Michael White (born 5 July 1991) is a Welsh professional snooker player from Neath, Glamorgan. Nicknamed ‘Lightning’ due to his fast playing style, White is a former top 16 player and two-time ranking event winner.

A highly rated junior,  he became the youngest player to have made a century break in competitive play aged 9, and won the World Amateur Championship at 14. White won his first ranking event at the 2015 Indian Open, before breaking into the top 16 during the 2015-16 season and capturing his second ranking title at the 2017 Paul Hunter Classic.

White's form started to decline in the 2018-19 season however, eventually leading to him dropping off the professional tour in 2020. He regained his tour card in 2022 by qualifying for the 2022 Snooker World Championship, becoming only the second amateur ever to qualify for the tournament in the process.

Career

Early career
White first showed potential by becoming the youngest player to make a century break: a 105 in March 2001, when aged nine. In 2001, he was invited to the Crucible, where John Parrott commented: 'I hope I've retired before I have to play him!'
He won a number of junior and later amateur events, and in 2006 became the youngest ever winner of the IBSF World Grand Prix, winning it aged 14. He also won the European under-19 Championship, beating Vincent Muldoon in the final. 
He turned professional for the 2007–08 season, but he was not allowed to play in the first ranking event of the season, the 2007 Shanghai Masters as it fell short of his 16th birthday which allowed his opponent Lee Walker a walkover. Previously Shaun Murphy had been allowed to play aged 15.

Turning professional
In his first professional match, the Masters qualifying, he shocked Leicester player Tom Ford 4–0, however he lost to eventual champion Barry Hawkins 5–2 in the following round.
His first season on the Main Tour was relatively unsuccessful, winning only four matches in the seven ranking events.
In his first ranking tournament, the Grand Prix, he finished last in his group, beating Tony Drago but losing his other 6 matches. His most successful run was beating Shailesh Jogia 10–4 in the first round of the World Championship qualifiers, but he lost 10–4 to Barry Pinches in the next. These results meant that he dropped off the Main Tour.

He regained a place on the Main Tour for the 2009–10 Season by finishing top of the Welsh rankings.

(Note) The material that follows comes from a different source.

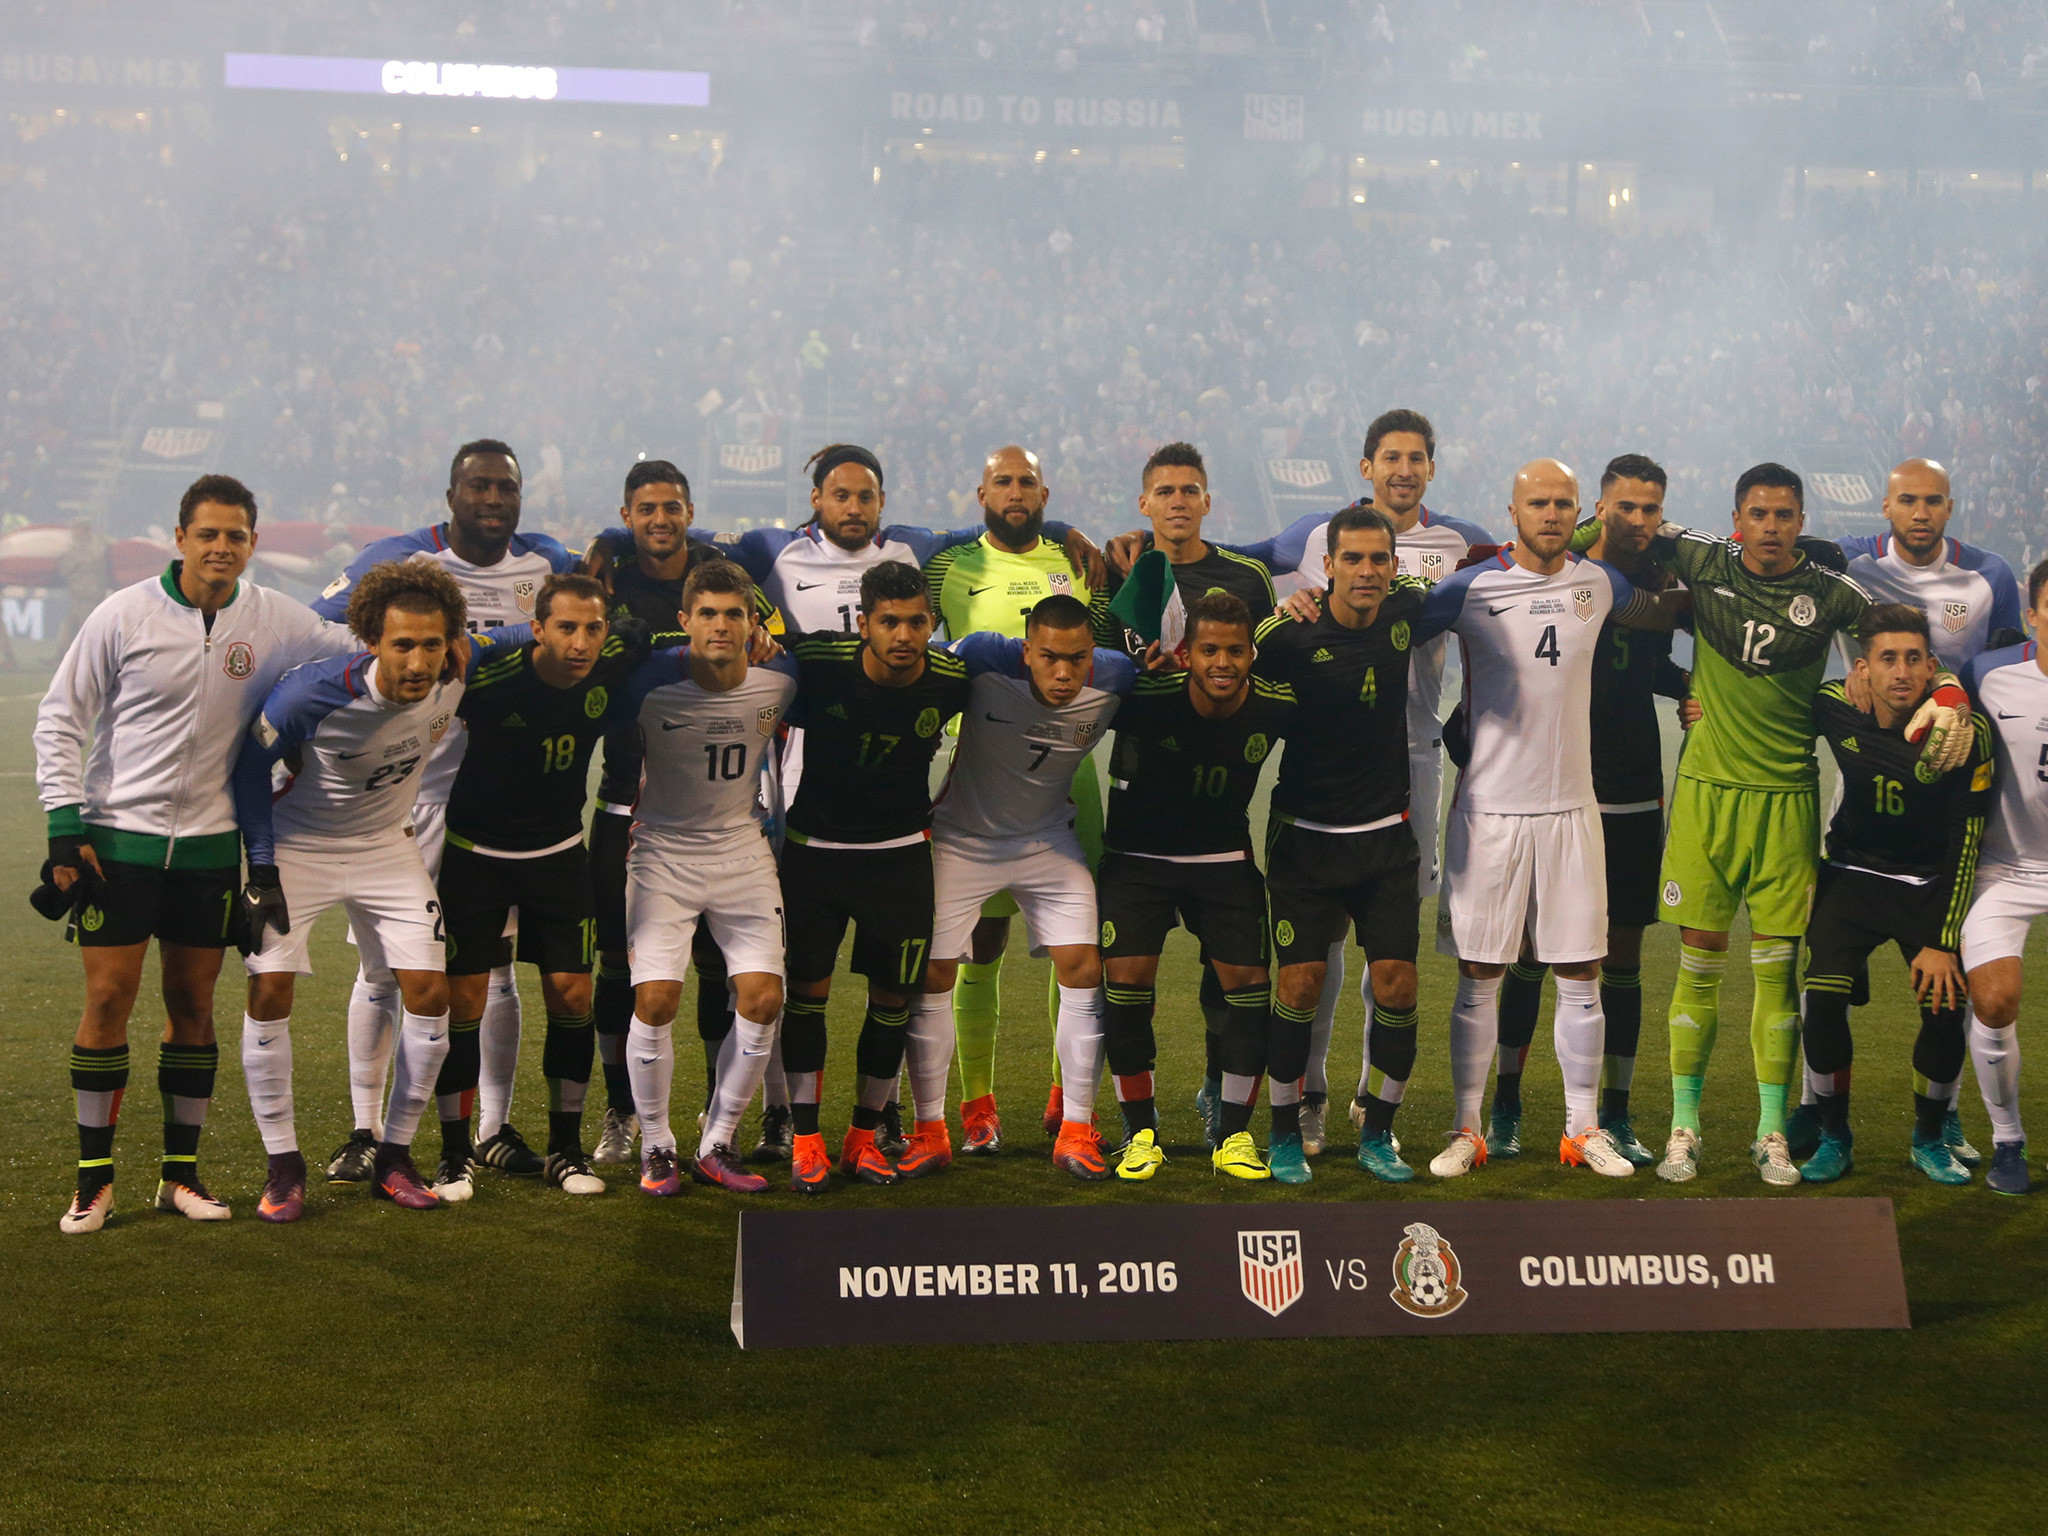 2048x1536 United States and Mexico form 'unity wall' before match after Donald  Trump's presidential victory | The Independent
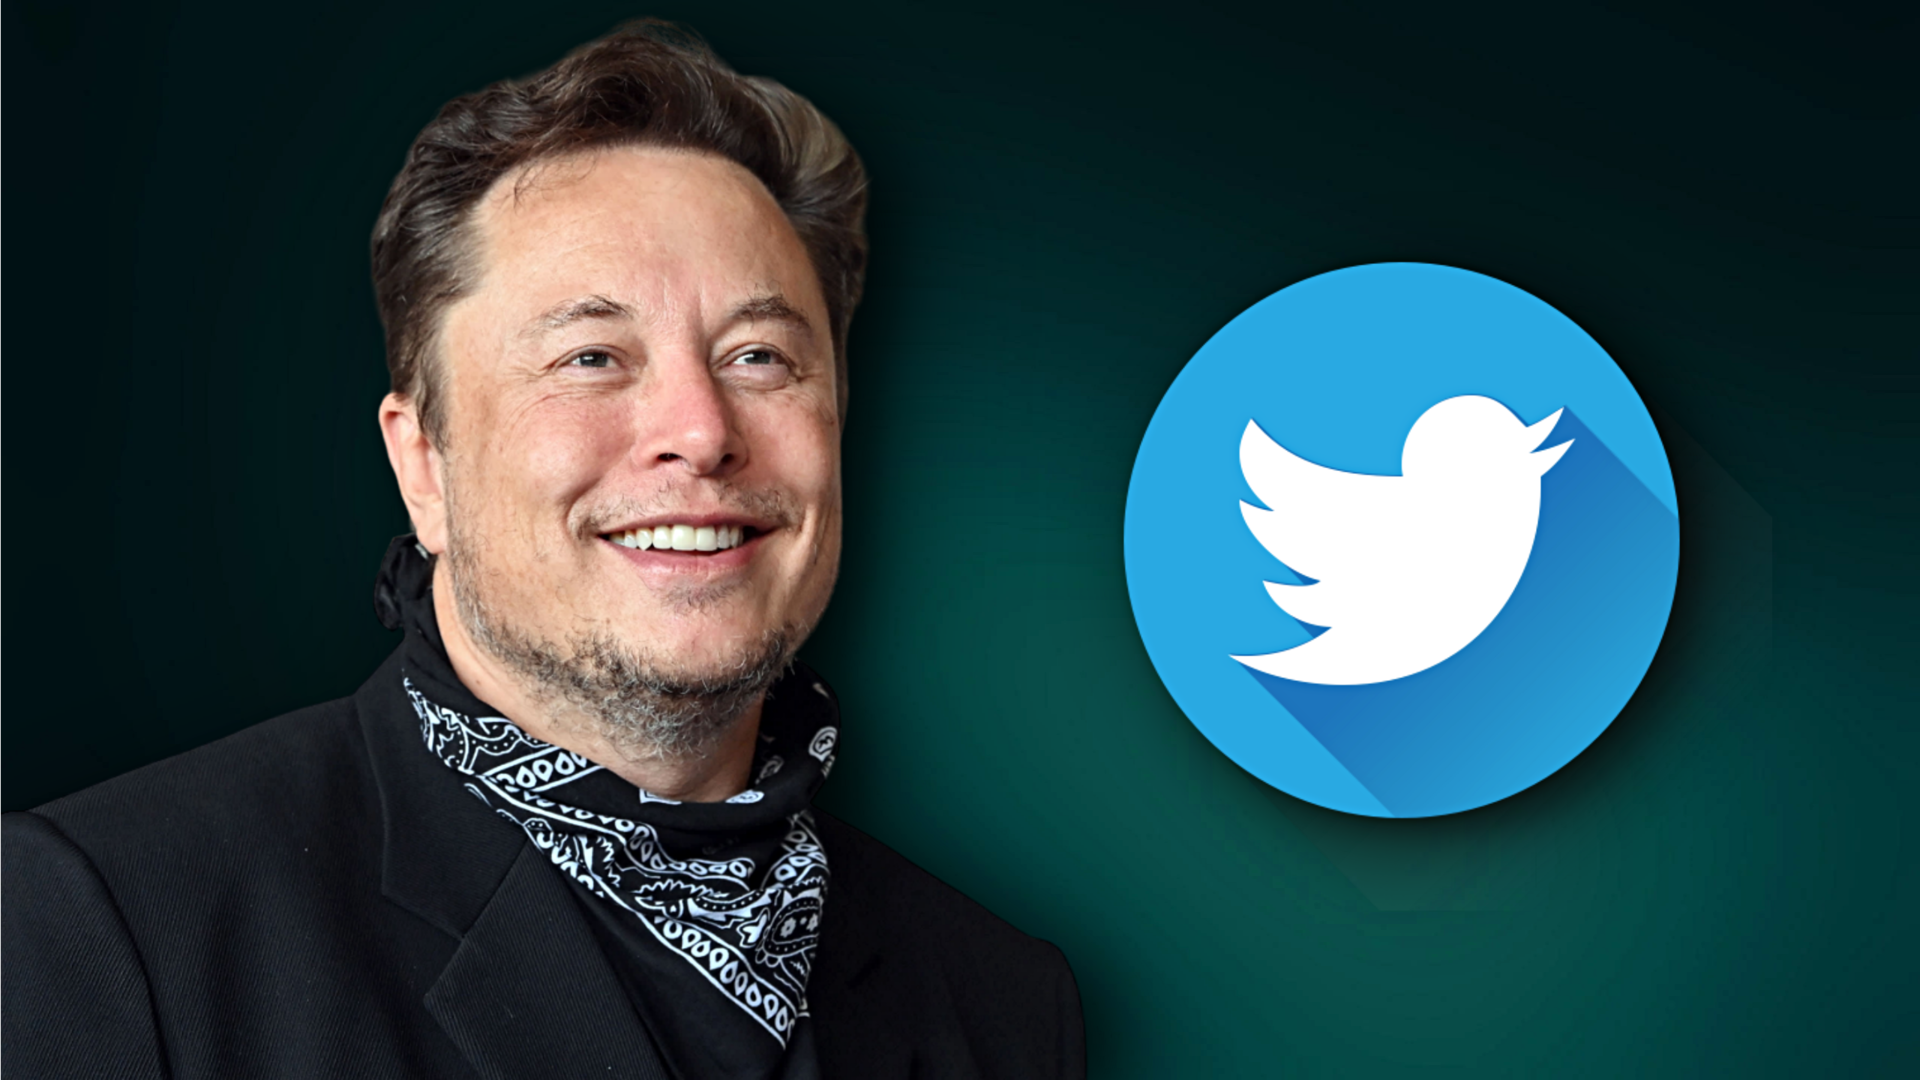 Elon Musk to open source Twitter's algorithm on March 31

In the qualifiers for the 2009 Shanghai Masters he beat former world champion John Parrott 5–0 (who later joked "I hope I retire before I have to play him...again" in reference to his earlier comment) before losing 5–3 to Mark Davis. His best run during the season was to the last 48 of the UK Championship, with victories over Daniel Wells, Jin Long and Jamie Burnett before losing 9–4 to Liang Wenbo. This meant that by the end of the season he had done enough to retain his tour status.

2010/2011 season
He started the new season by winning three qualifying matches in the 2010 Shanghai Masters, including a 5–1 win over Dominic Dale, before losing to Peter Ebdon by the same scoreline. He won two matches, before losing in the third qualifying round on two further occasions during the season. At the minor-ranking Euro PTC Event 3 White beat the likes of Tom Ford and Marco Fu to reach the quarter-finals, where he lost 2–4 to Andrew Higginson. He went on to finish 51st on the PTC Order of Merit and 71st in the world rankings.

2011/2012 season
White narrowly missed out on a place in the 2012 Players Tour Championship Finals as he finished 25th on the Order of Merit, with only 24 players qualifying for the event. His placing was largely thanks to a semi-final run in Event 7, where his hopes of a first professional title were ended by Ronnie O'Sullivan, who won 4–2. Even though he could not qualify for a ranking event throughout the season he ended it at a then career high world ranking of 54, meaning he had risen 12 places during the year.

2012/2013 season
White began the 2012–13 season by winning three matches to qualify for the Wuxi Classic and two matches to qualify for the International Championship but lost in the wildcard once at the venues in China in both, to Zhou Yuelong 4–5 and Lü Haotian 5–6 respectively. White beat Craig Steadman and Ken Doherty to qualify for the UK Championship, the first time he had made it into the first round of a ranking event. In his first domestic televised match in a ranking event, White played world number two Mark Selby and recovered from 0–2 down to level at 3–3 before succumbing to a 3–6 defeat, with White stating afterwards that he would definitely be back for more. He kept true to his word by beating Zhang Anda 10–5 and Andrew Higginson 10–4 (he trailed 1–3 but won nine of the next ten frames) to qualify for the first round of the biggest tournament in snooker, the World Championship. He beat compatriot and two-time winner of the event Mark Williams in the opening round 10–6, with Williams admitting he had been outplayed in every department of the game. He beat fellow qualifier Dechawat Poomjaeng 13–3 in the last 16 and faced Ricky Walden in his first ranking event quarter-final, losing 6–13. White increased his ranking to world number 34, a climb of 20 spots during the season which was the most of any player on tour.

2013/2014 season
White had an extremely consistent 2013–14 season as he played in the first round of 10 of the 12 ranking events. 
In the inaugural Indian Open he beat Zhang Anda and Gary Wilson to reach his second career quarter-final. He lost the last three frames against Stephen Maguire to be defeated 4–3. White reached the second round in four more ranking events during the rest of the season but was beaten on each occasion. At the World Championship, White was a qualifier and faced world number three (and eventual champion) Mark Selby in the first round. White recovered from 5–1, 8–4, and 9–8 behind to take the match to a deciding 19th frame, which he lost. He finished inside the top 32 in the rankings for the first time in his career as the world number 27.

2014/2015 season

In the first round of the Shanghai Masters, White came from 3–0 down against Neil Robertson to win 5–4 and went on to defeat Ryan Day 5–2 to make the quarter-finals. White made another comeback to force a deciding frame this time from 4–1 behind, but Mark Allen won it. Another quarter-final followed at the International Championship where Allen was again the victor as he won 6–3, after White had been 3–1 up.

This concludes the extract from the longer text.